Neither the first nor the most famous of the colloquially styled birdseye landscapes that came into vogue near the turn of the century, this long researched offering from artist Francis Lawrence lends that city a sense of fleshiness absent from sterile fire insurance and real estate maps.
Though this version is not the original colored lithograph complete with detailed index, it does benefit immensely from the first hand knowledge of editor Worthington Gates.
Gates was a high art inclined booster who later appeared as the “Charge d’Affaires” at Blanchard Art Gallery. Touted as the first gallery west of Chicago, FW Blanchard’s salon inducing parlor of art was located across from City Hall at 233 S. Broadway. There Gates sallied forth on voyages through a city grasping towards cosmopolitanism.
As seen here, the supposed sophistication of urban Los Angeles is not without its pitfalls.

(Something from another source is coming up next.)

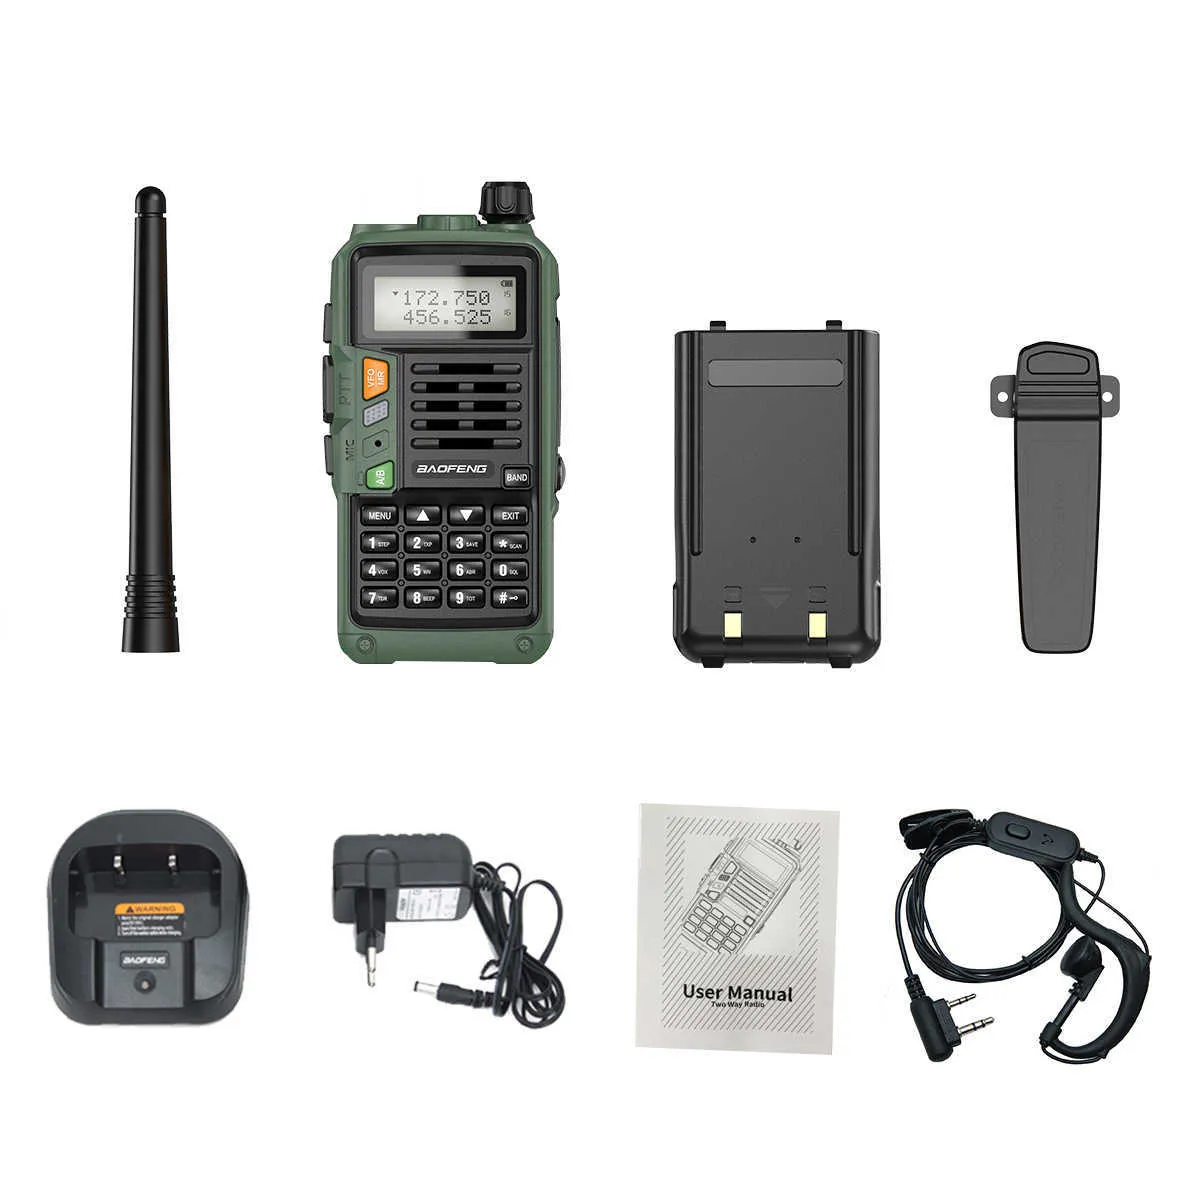 BAOFENG UV-S9 Plus puissant émetteur-récepteur portable avec UHF VHF double bande longue portée talkie-walkie jambon UV-5R Radio bidirectionnelle

Unveiled racism appears at the site of the future Union Station where Chinatown is labeled “Chink Town.”
Above it, the famed Llewellyn Iron Works hints towards the mixed bounty of industrialism. Here the city built itself while simultaneously exacerbating common social fault lines carved around unionization and the battle for closed shops that would eventually culminate in the bombing of the LA Times in 1910.
Beyond the rail lines and the bank buildings sprouting upwards in today’s historic core, you’ll find Fiesta Park—one of the city’s first dedicated sports venues where USC athletics found its first home.